Smart Warehousing, a domestic logistics solutions provider in the U.S. that offers product tracking at its facilities, has so far avoided getting onto the blockchain because its proprietary platform Swims has proven flexible enough to solve its problems, executives say.
“There are global standards for barcodes. They would need to establish a global standard for this information to be shared in this way, and here are the formats in which it is shared,” said Beth Ward, chief operations officer at Smart Warehousing.
This happened to shipping containers in the 1960s, when government agencies in the US and Europe forced shipping giants to agree on fixed sizes for the massive boxes credited with accelerating globalization in the second half of the 20th century. In the 1980s, standardization bodies established formats for electronic data interchange (EDI) documents, a way of exchanging product information that is sometimes referred to as the precursor to Ecommerce.
Even when blockchain is used to track data, companies often have their own ways of sharing the data themselves that are too large to share directly in a distributed ledger. Some of this data may even be in an EDI format.
The one killer application that everyone in the industry can seem to agree on could be a game-changer for blockchain in logistics, an Electronic Bill of Lading (eBL) that has been gaining traction of late. The bill of lading is an important document to prove the receipt of goods. It remains largely paper-based across the industry, with shippers requiring the original document in order to ship goods.
“Because of Covid-19, because you need to change the process, I think this is one of the regular use cases of blockchain,” Chen said. “Probably better than NFT’s digital art. NFTs of documents for global trade – this will be the real killer use case.”
GSBN partnered with Cosco to enable the first use of a blockchain-based eBL for bulk mailing in January. It was issued to Brazilian pulp manufacturer Eldorado. GSBN also signed a MoU with Saudi Basic Industries Corp (Sabic), Cosco Shipping, Hutchison Ports and PSA International in late March, all agreeing to use eBLs going forward.

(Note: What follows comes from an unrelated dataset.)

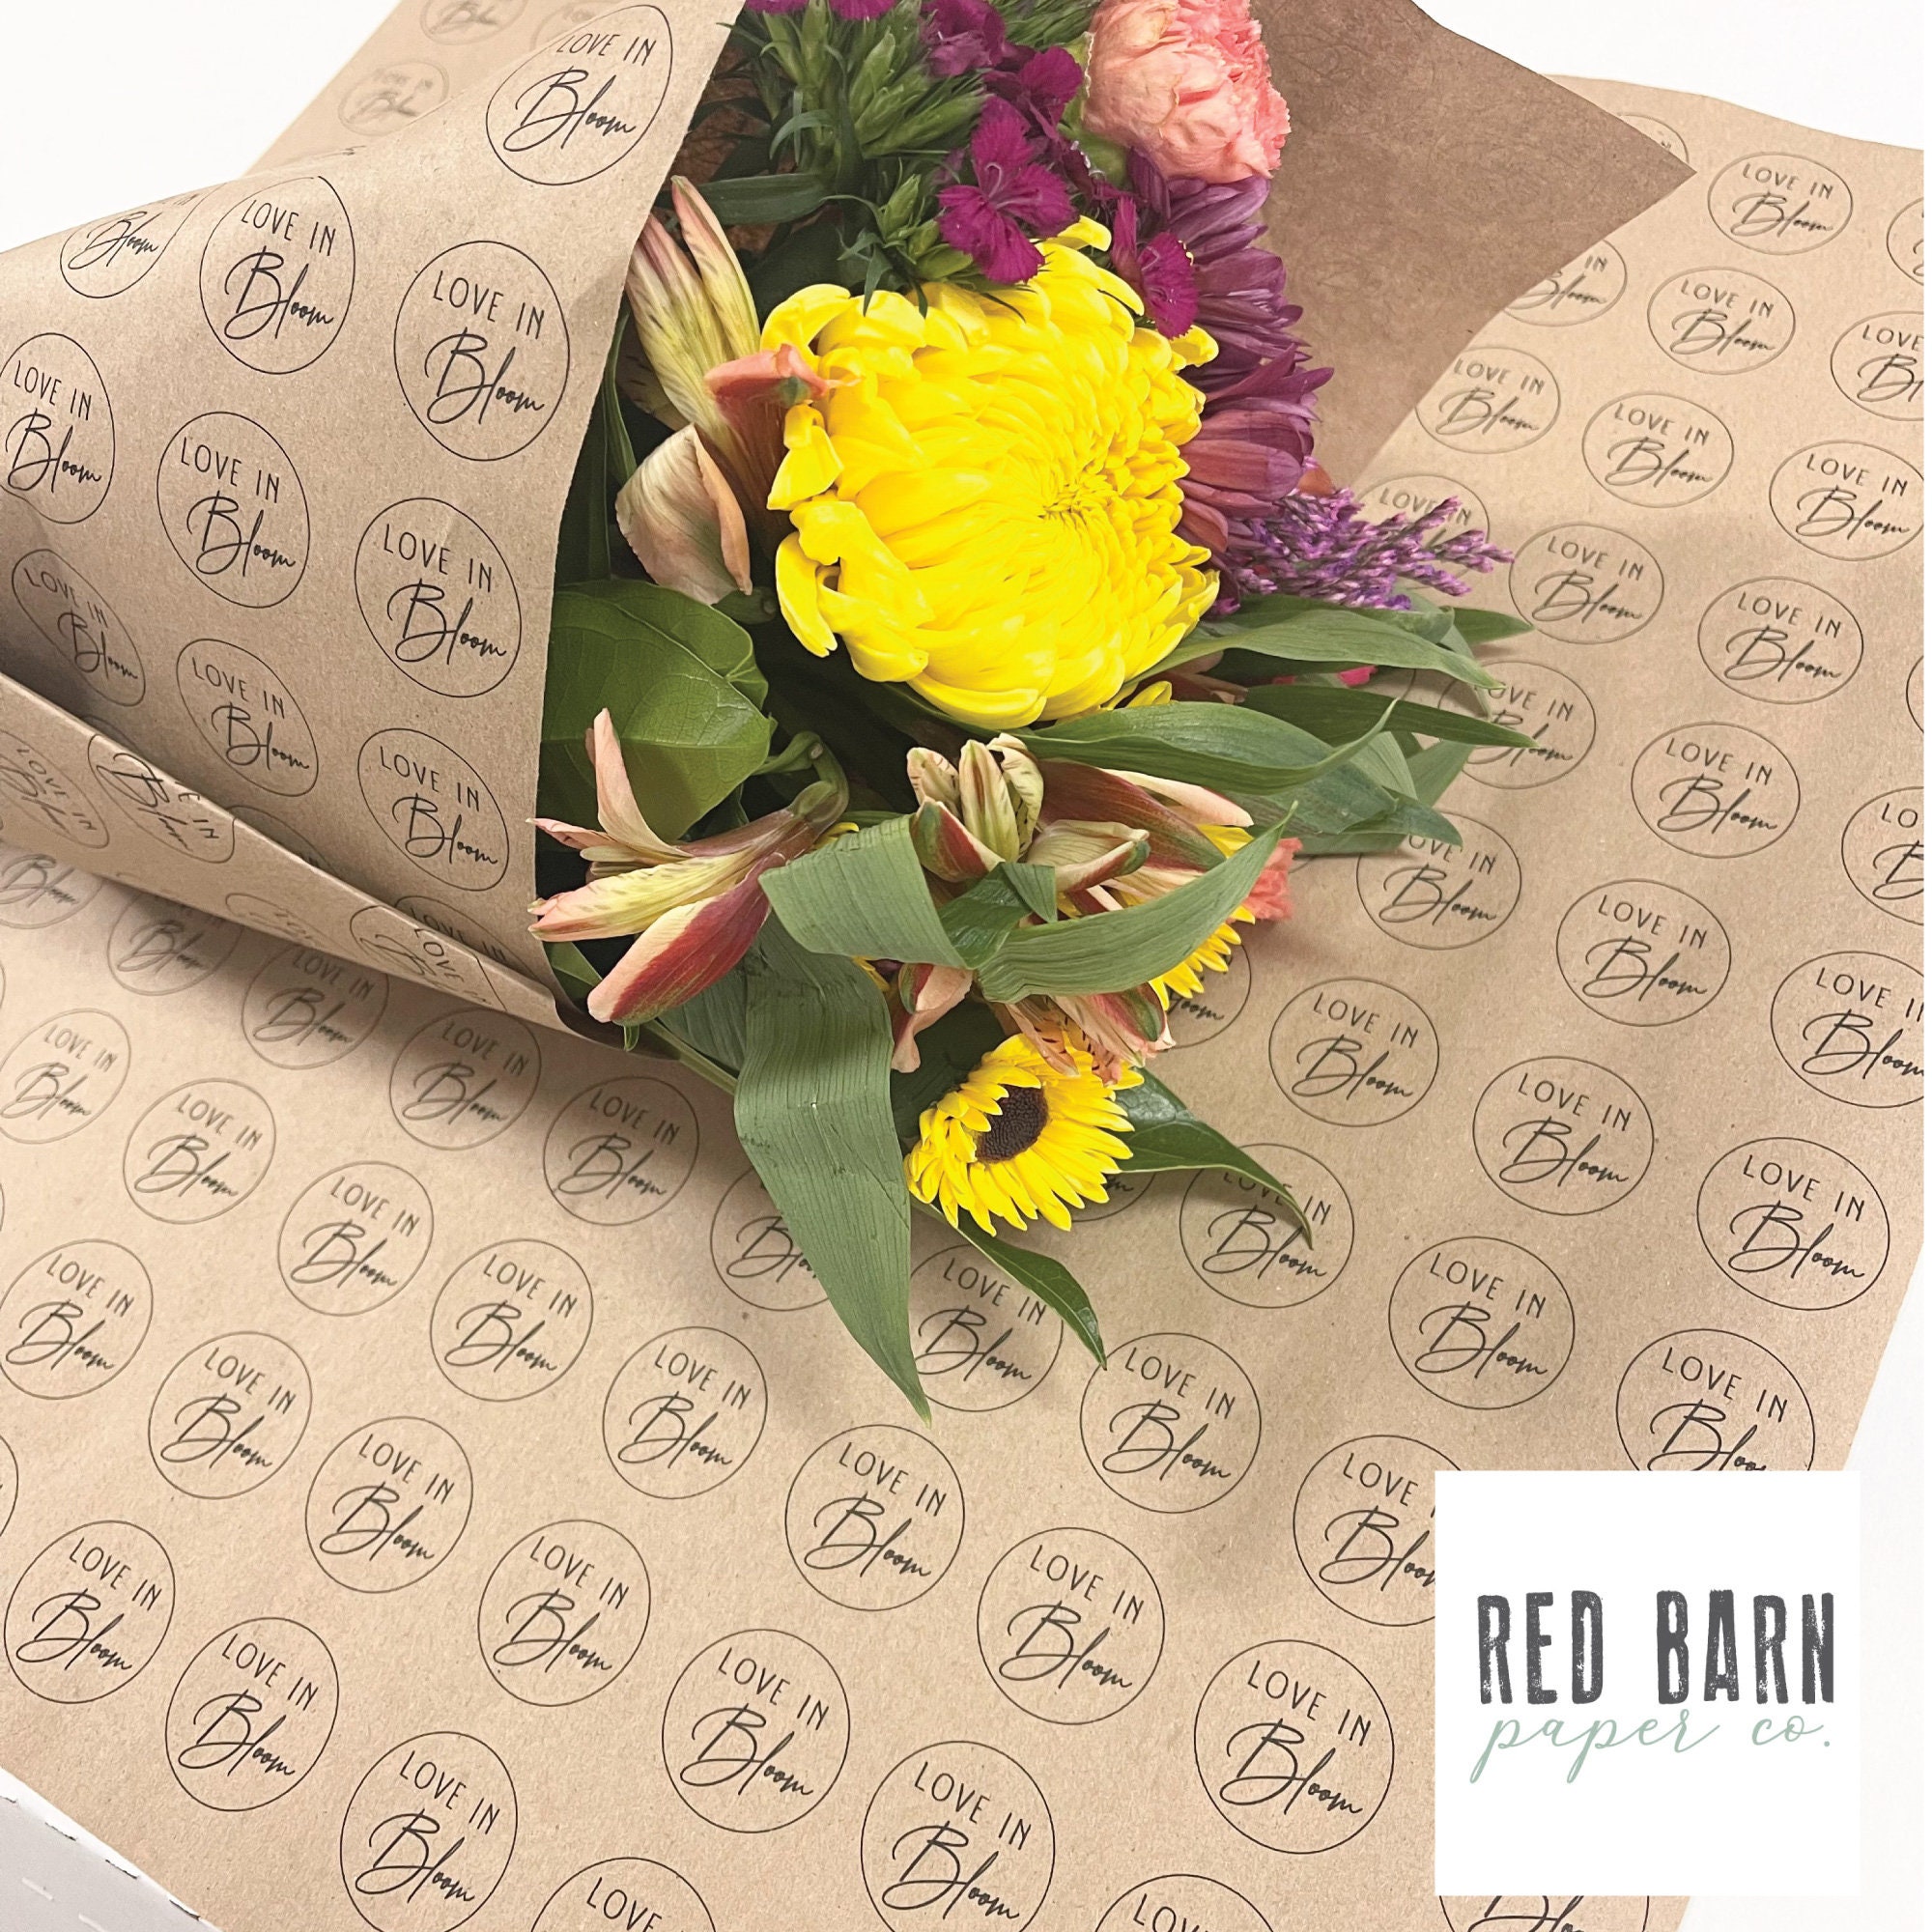 Paper Bouquet Wrap for Flowers Brown Paper Sleeve for Bouquet Custom Floral  Sleeve Bouquet Bar Wrap Natural Paper Flower Sleeve Wrapping 
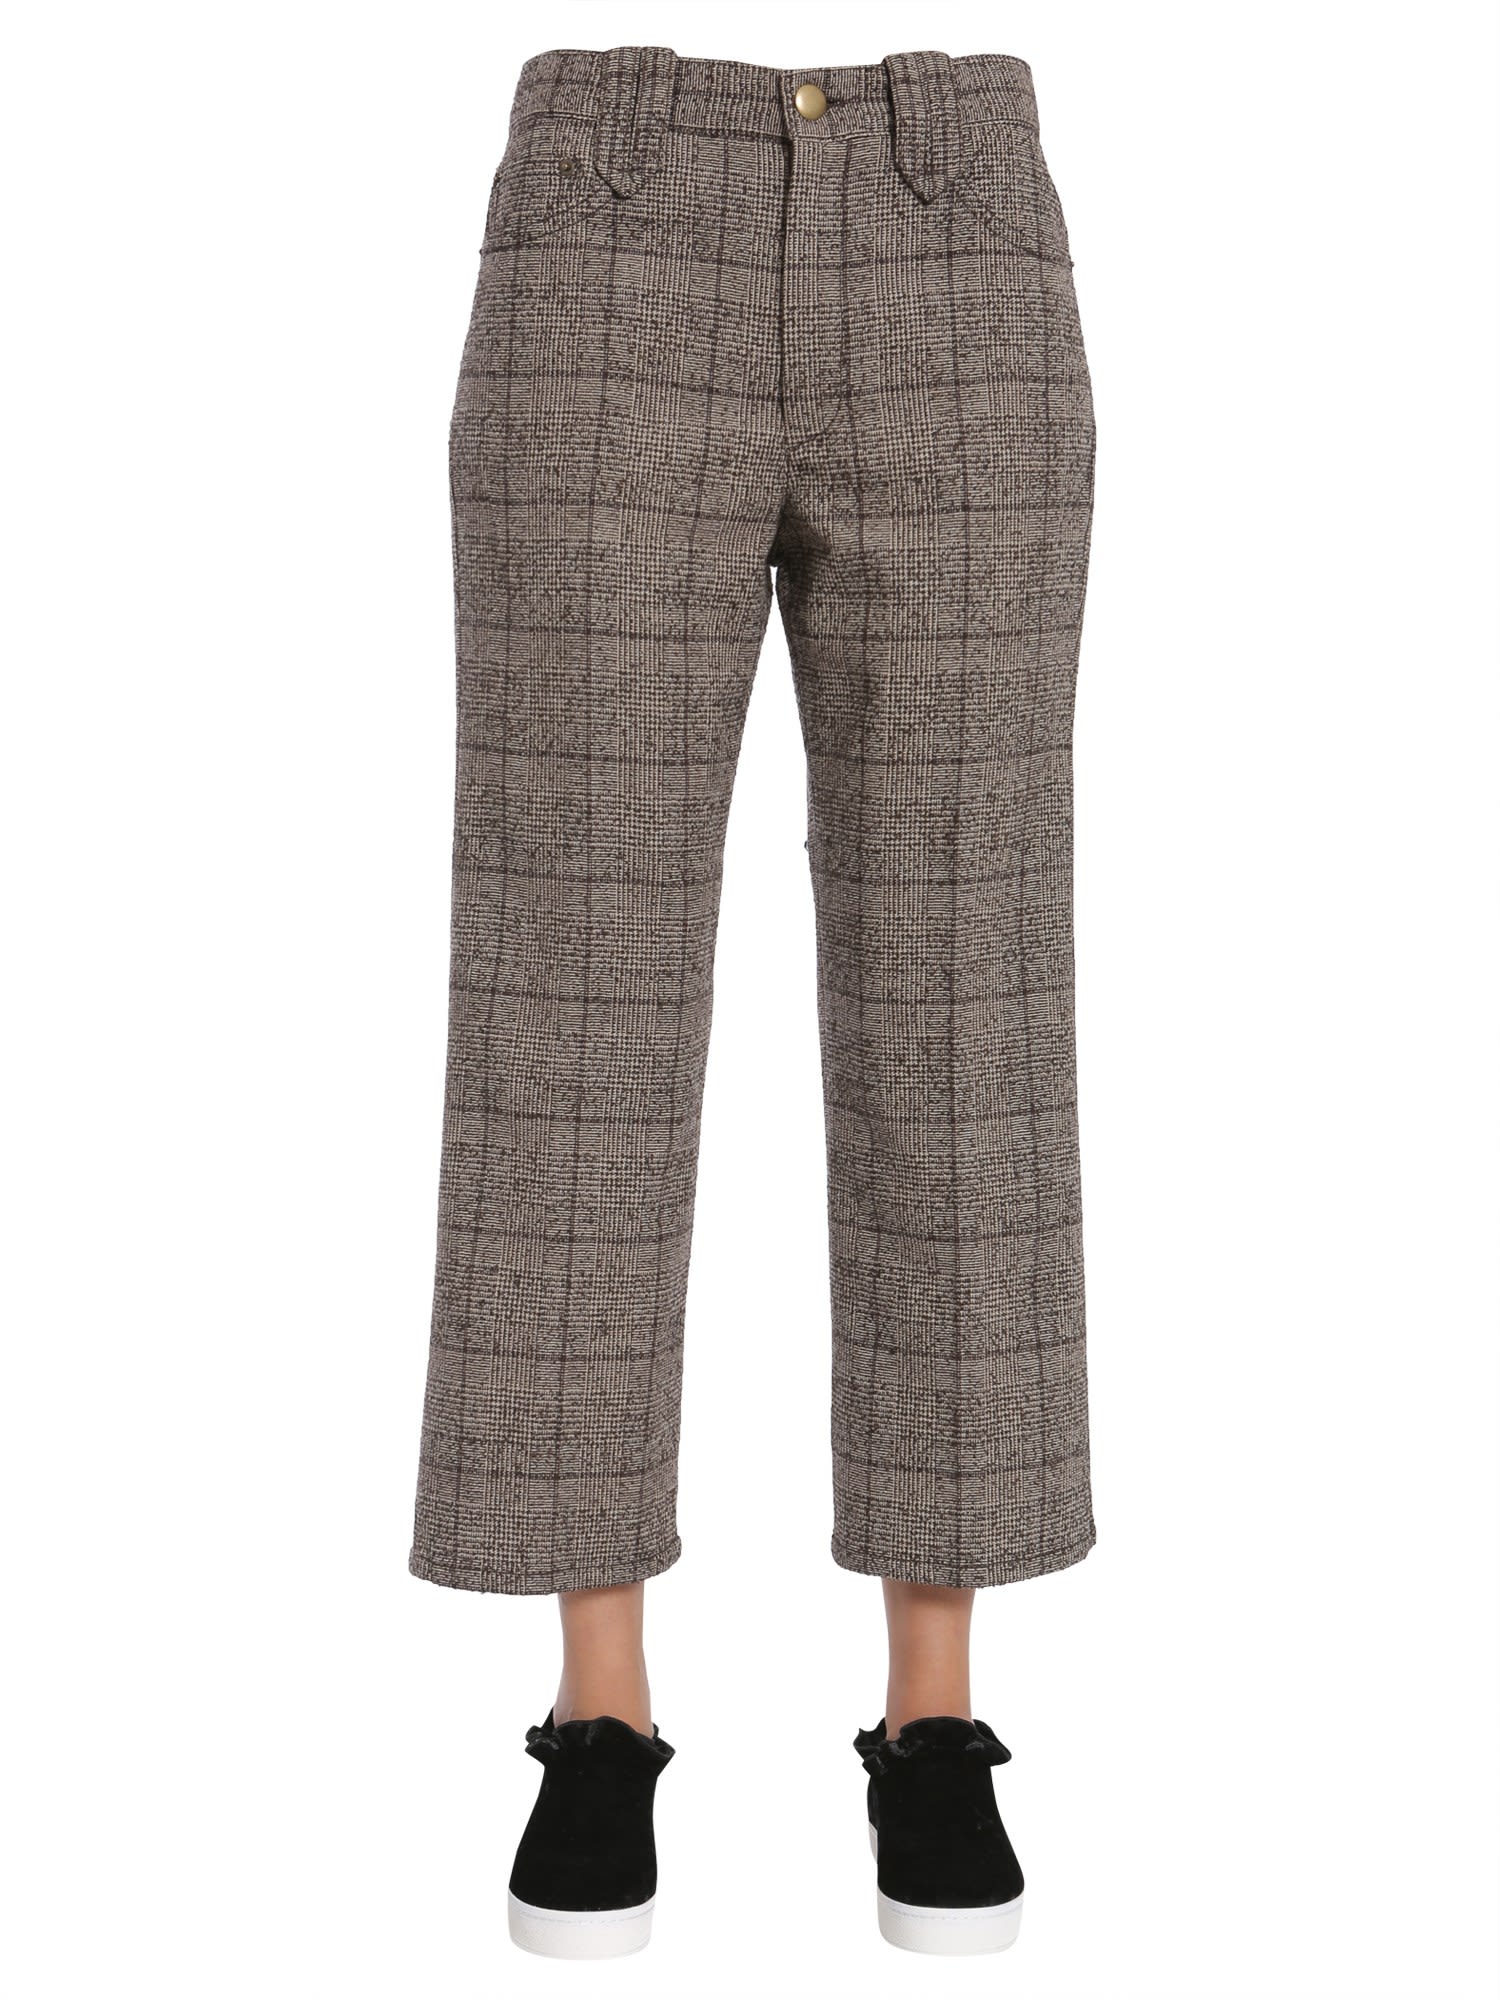 Marc Jacobs Cropped Trousers

Although eBLs have existed in some form since 1999, legal complexity and a lack of standardization have slowed adoption. With other tools available for digitization, the blockchain could slowly be integrated into other processes, making it less visible. This removes much of the hype surrounding the technology, but makes it more viable and sustainable to use.
“In my view, the blockchain was and is a tool in the tech stack for digitizing trade,” said the WEF fan. “It has always been like this.”